Alejandro Tomás Foxley Rioseco (born 26 May 1939 in Viña del Mar) is a Chilean economist and politician. He was the Foreign Minister of Chile from 2006  to 2009 and previously served as Minister of Finance from 1990 to 1994 and leader of the Christian Democrat Party from 1994 to 1996.

Education and personal life
Foxley received a Chemical Engineering degree from the Catholic University of Valparaíso and PhD in Economics from the University of Wisconsin–Madison. Over his life he has received various awards including three honorary doctorates, the Great Insignia of Honor from Austria, the Ordem Nacional Cruzeiro do Sul from Brazil and the Order of Civil Merit from the King of Spain.
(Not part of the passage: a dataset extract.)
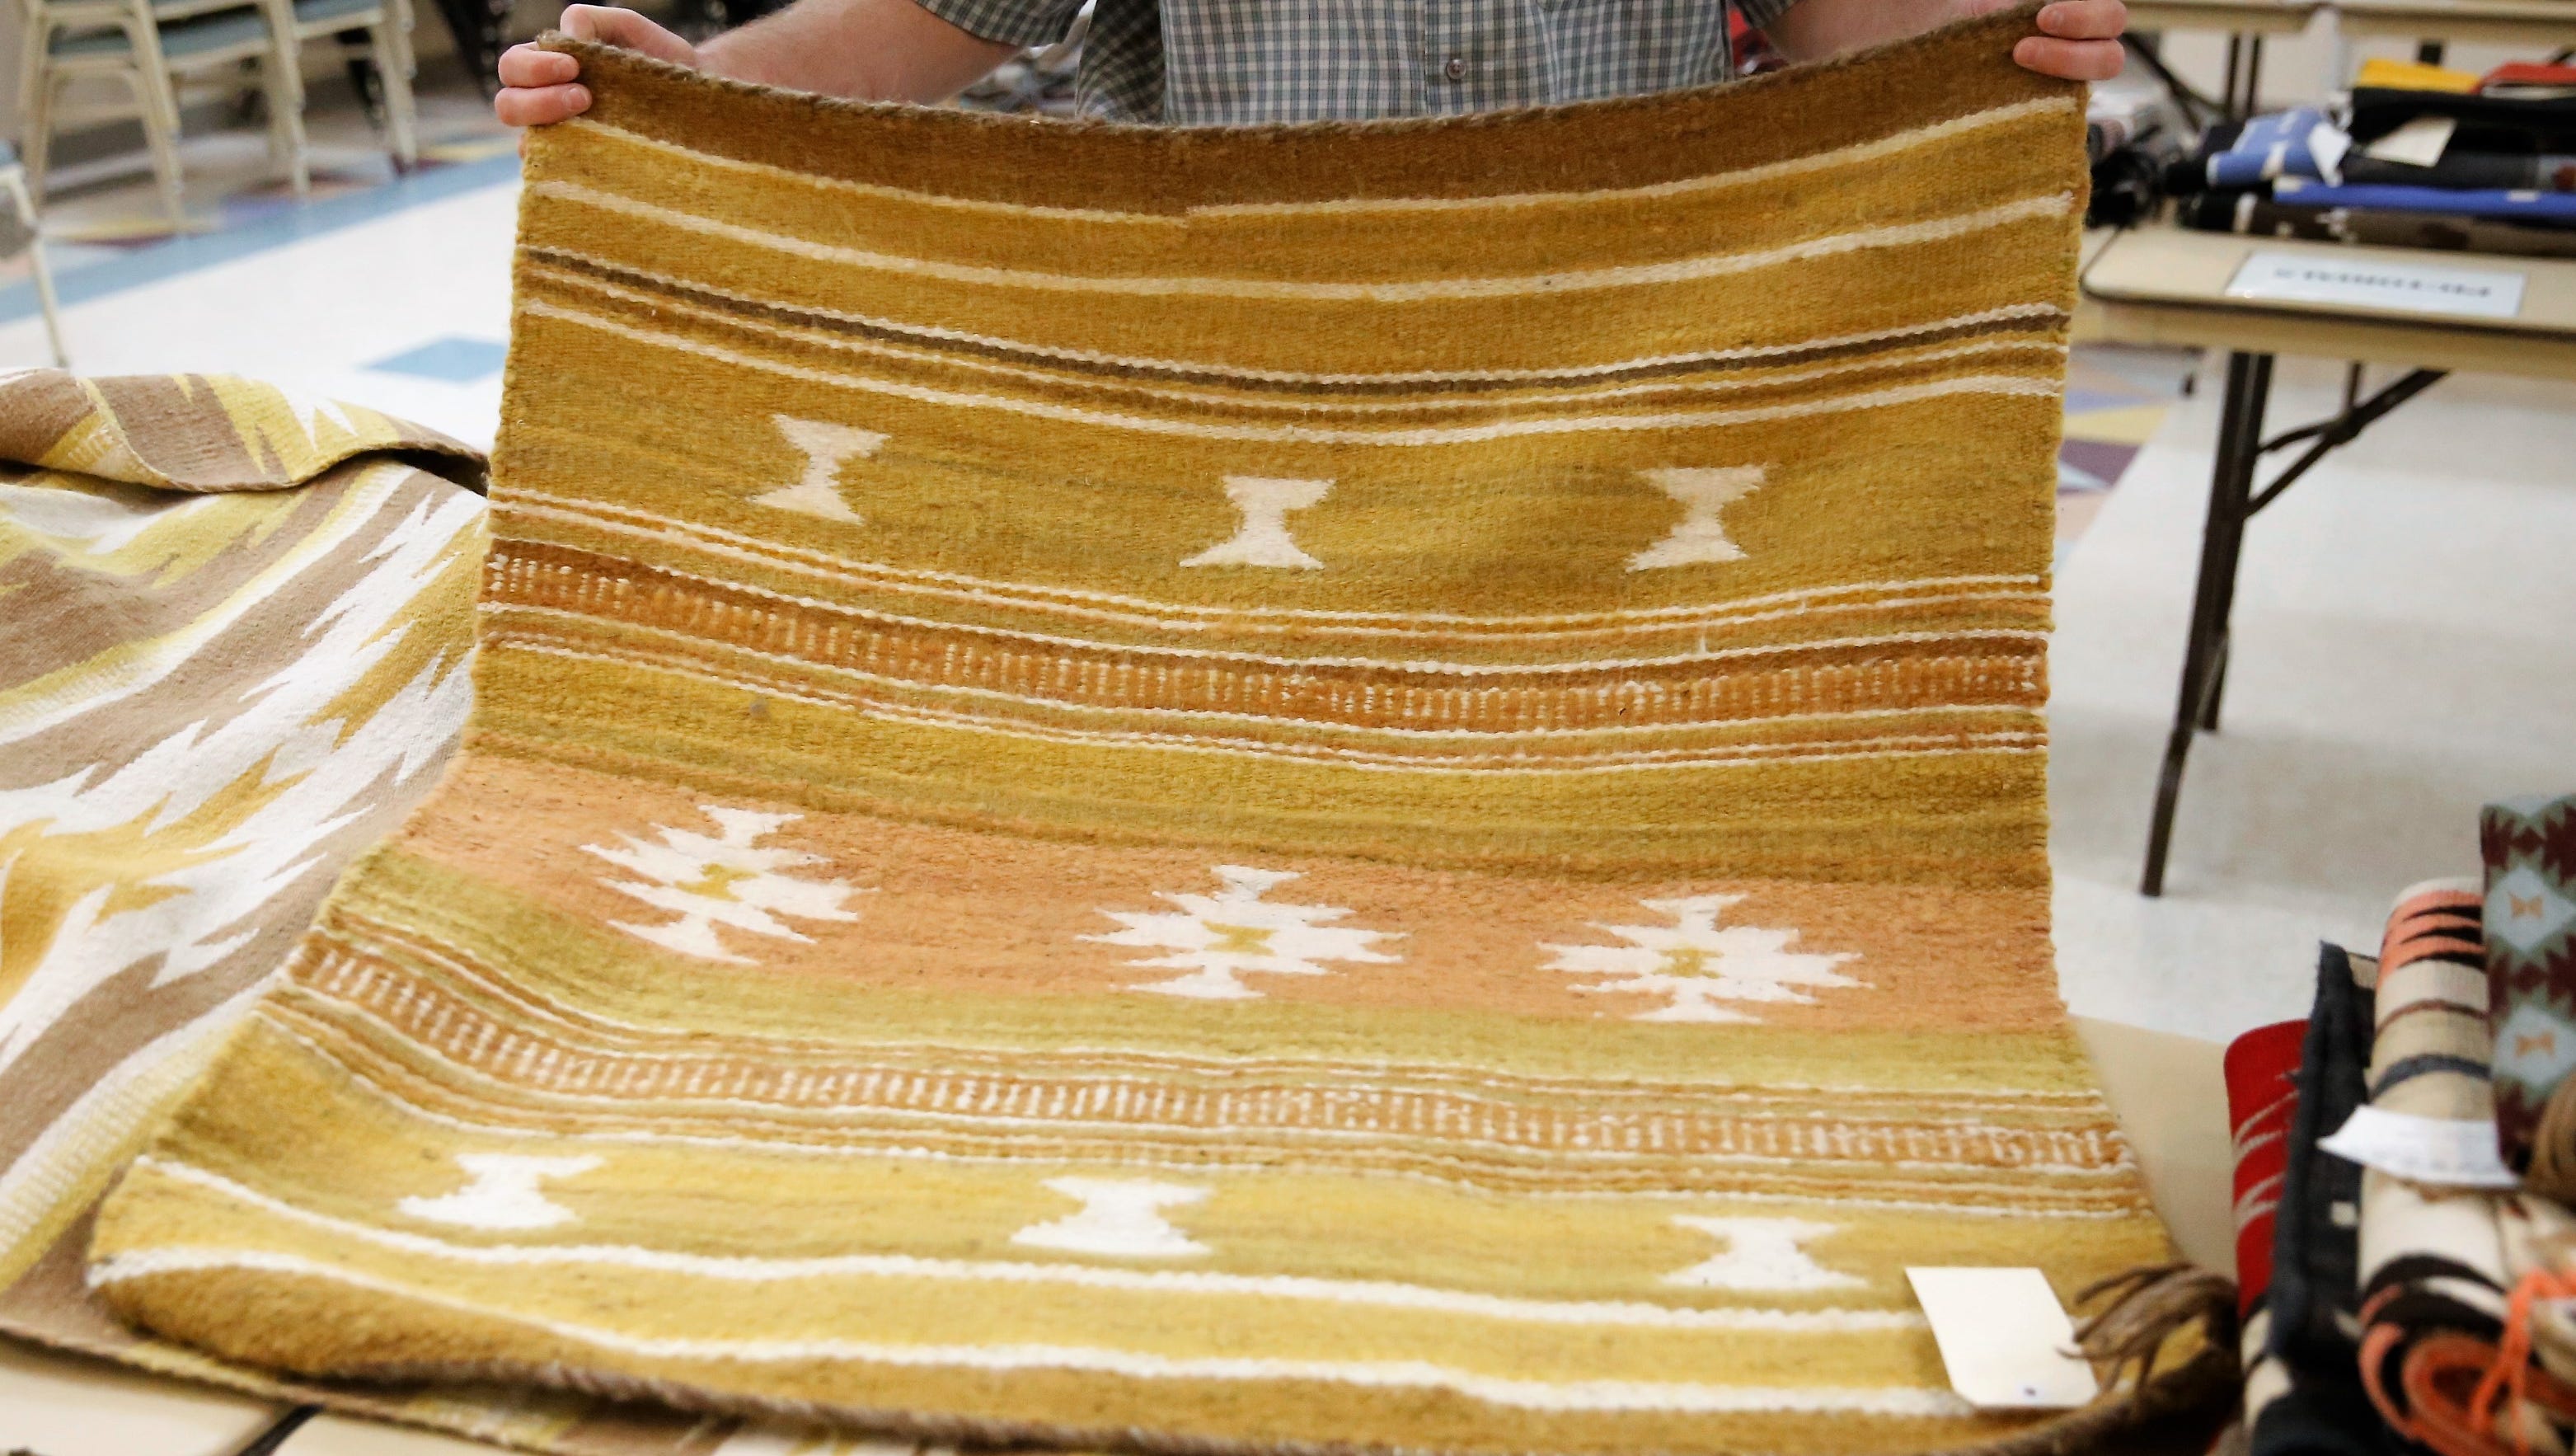 This weaving from the Crystal Trading Post is one of approximately 200 that will be offered for sale during Saturday's annual Navajo Benefit Rug Auction at the Farmington Museum at Gateway Park.

Foxley is married to Gisela Tapia Soko with two children and four grandchildren.

Economist and writer
Foxley has taught at various universities including the University of Sussex in 1973, Oxford University in 1975, Massachusetts Institute of Technology in 1978, University of California, Berkeley in 1981, University of California, San Diego in 1985 and the University of Notre Dame. He has written thirteen books on economics and the problems of democracy.

Political career
Foxley was appointed to the first Chilean cabinet after the restoration of democracy by Patricio Aylwin. He served as Minister of Finance from 1990 to 1994 and is regarded as one of the architects of the strong economic growth of the period. As Finance Minister he was also a governor of the Inter-American Development Bank and the World Bank. Following his period as Finance Minister Foxley was elected leader of the Christian Democrat Party in 1994, serving until 1996.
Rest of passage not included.